Even worse yet, I find myself getting totally sucked in, reality TV style. Curse you The Hills!
I’ve found myself checking his Facebook status, reading his updates since he’s been on vacation, looking for evidence, telltale signs, anything that will help me help her understand what’s happened. Anything that will help me help her through this experience.
What I’ve quickly realized though is that there is a time when a parent can be too close or too aware and right now is that time for me for a couple of very good reasons.
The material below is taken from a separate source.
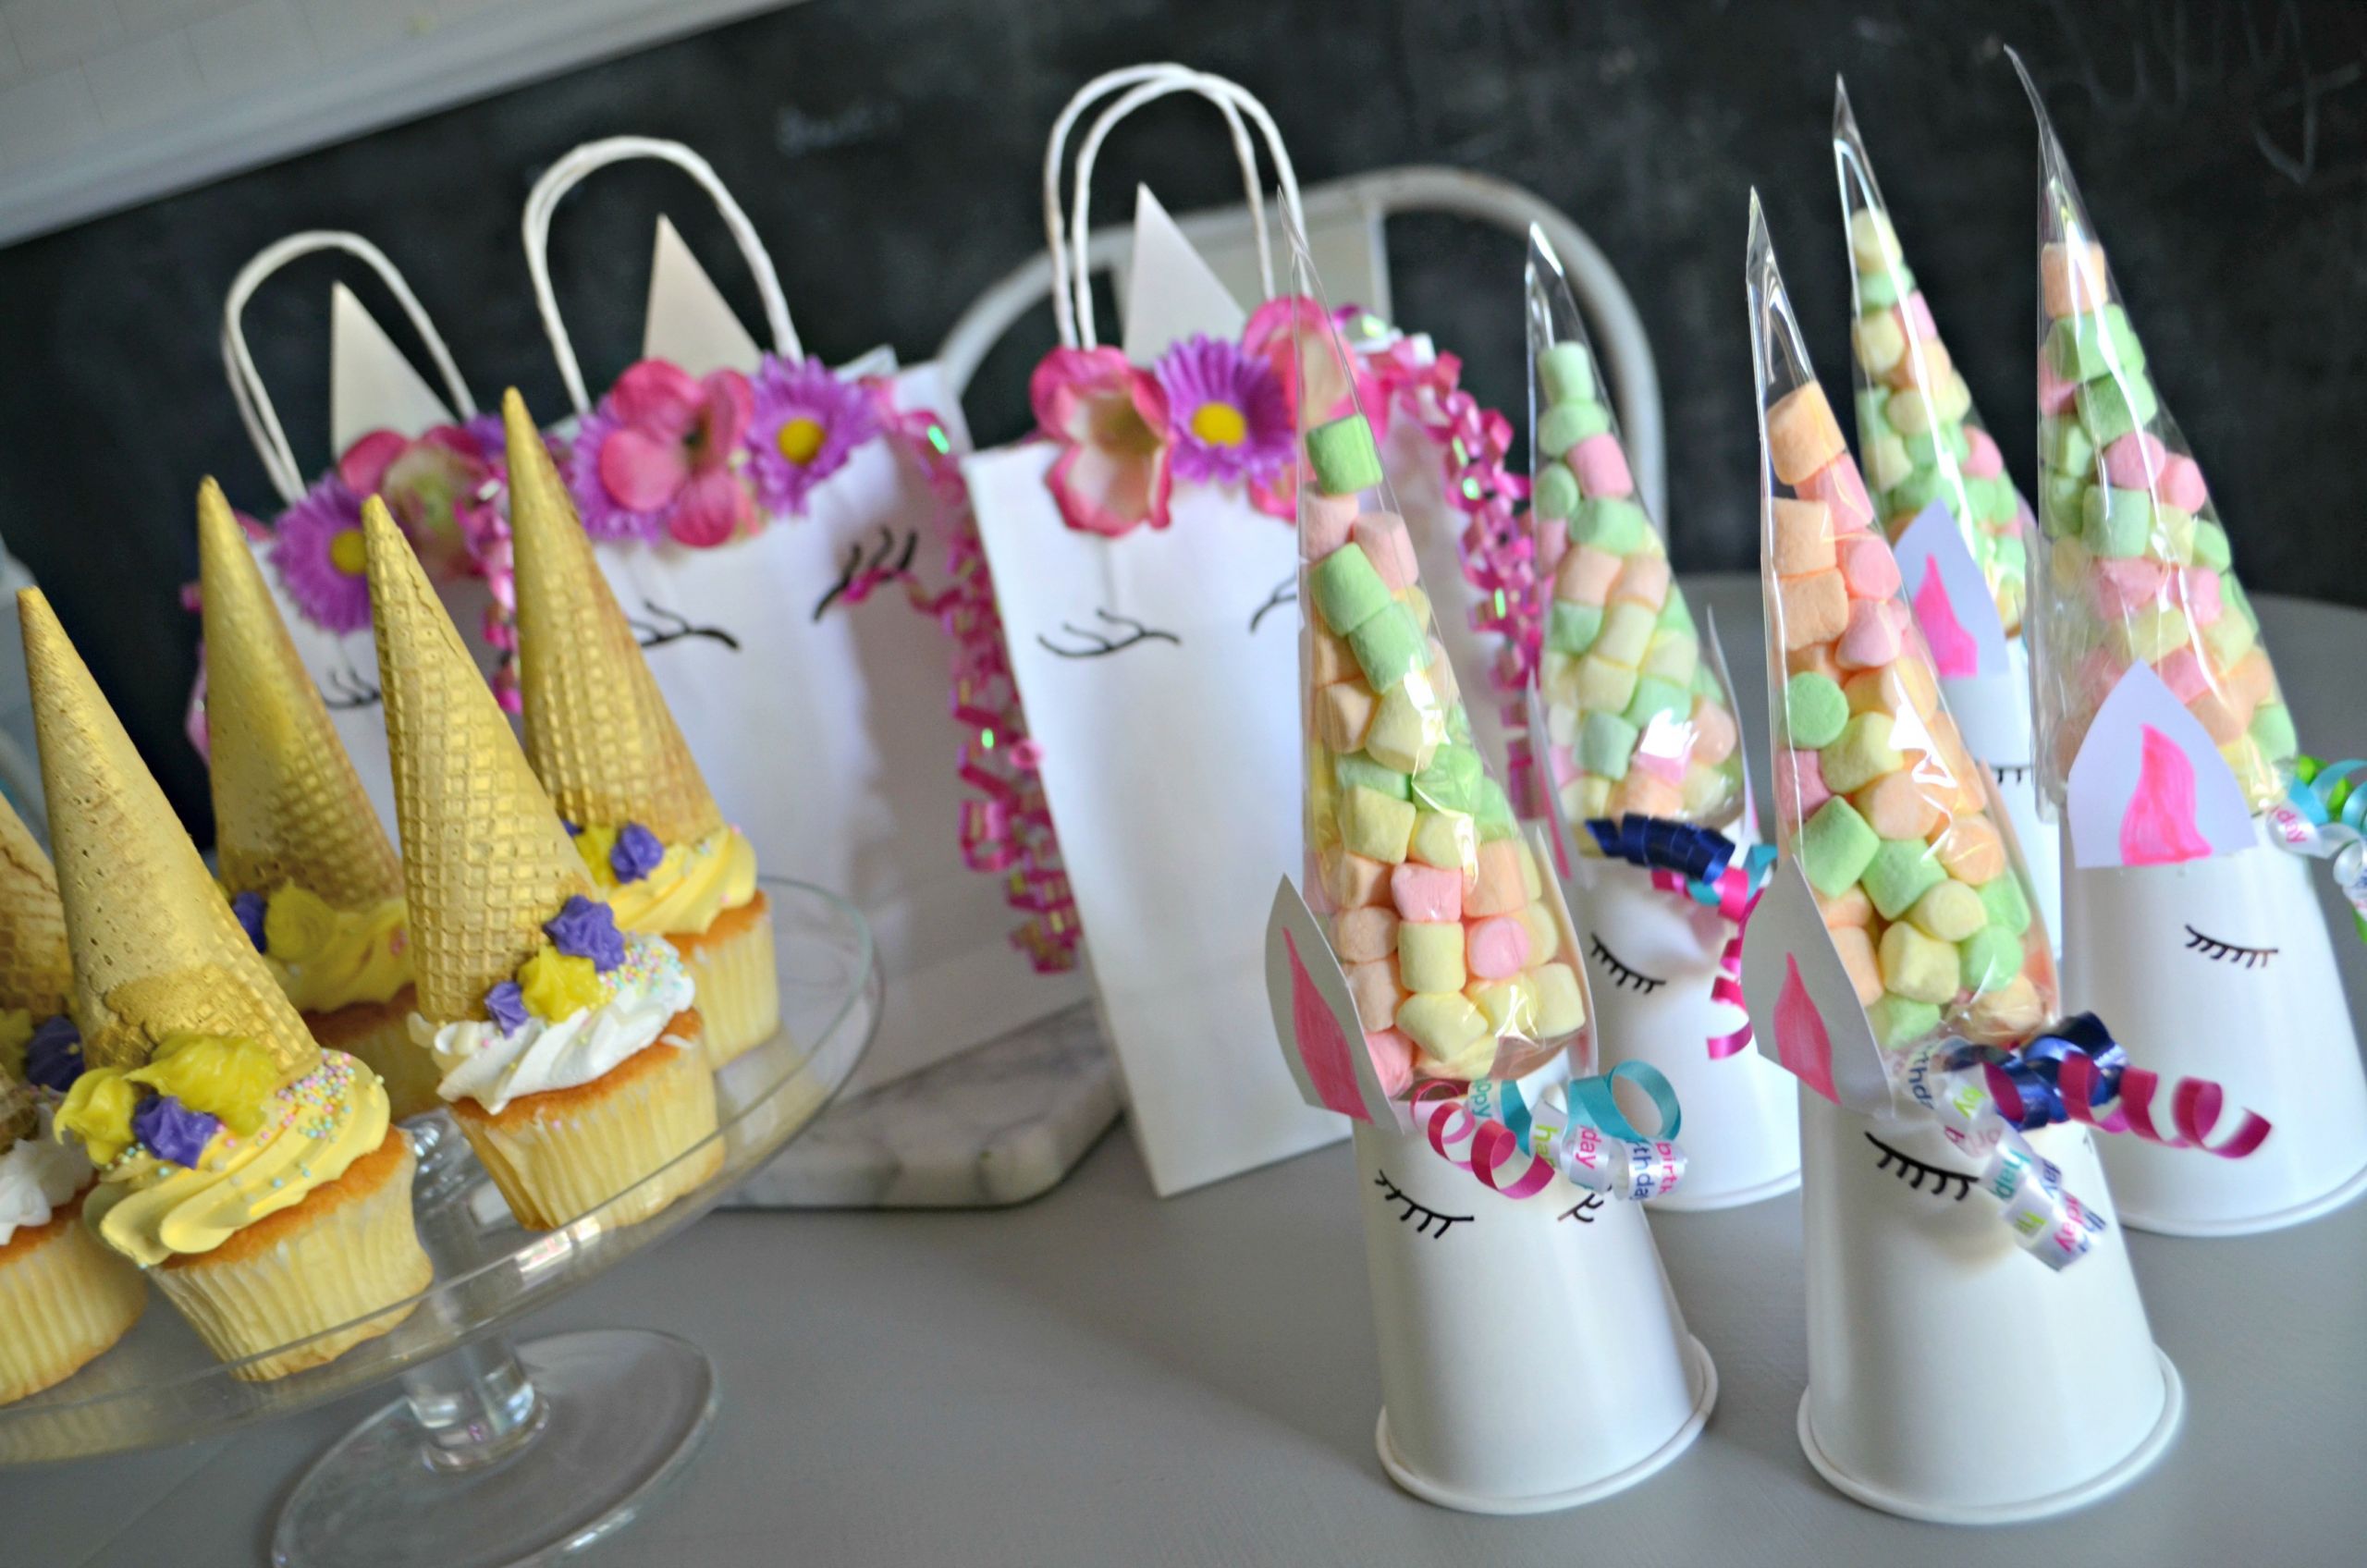 DIY Birthday Decorations Ideas
 Make These 3 Frugal Cute and Easy DIY Unicorn Birthday

It has nothing to do with her dating...it's me. I'm not ready. I'm not ready for her disappointments and her tears. My instinct is to suss out his lying or cheating because I want to protect her. I want to respond angrily to his innocuous postings or thoughtful responses to my posted items; I want to post nasty messages to him for hurting her and then I realize that I'm actually (almost) engaging in a teenage relationship and then I further realize that I am also reliving some of my own bad experiences as well.
Yah, well, good for me that I’ve quickly realized that it’s not all about me. And truthfully, they weren’t all bad experiences either, even the really rotten, hurtful ones because they are the experiences that forged who I am ultimately. From high school to adulthood, they are the means by which I was to learn the lessons that I did (or took too long to learn) and which led me to where I am today. Happy (mostly) and in a loving, supportive, engaging marriage…finally.
I have to say that I am exceptionally proud of how well my girl is handling this experience in her life; with such mature aplomb and grace. She really is a better woman at 17 than most grown ups I’ve known and certainly kicks my 17 year old arse to the curb. Now, if Mum could just find that same maturity and remove the boyfriend from her Facebook…well, maybe tomorrow…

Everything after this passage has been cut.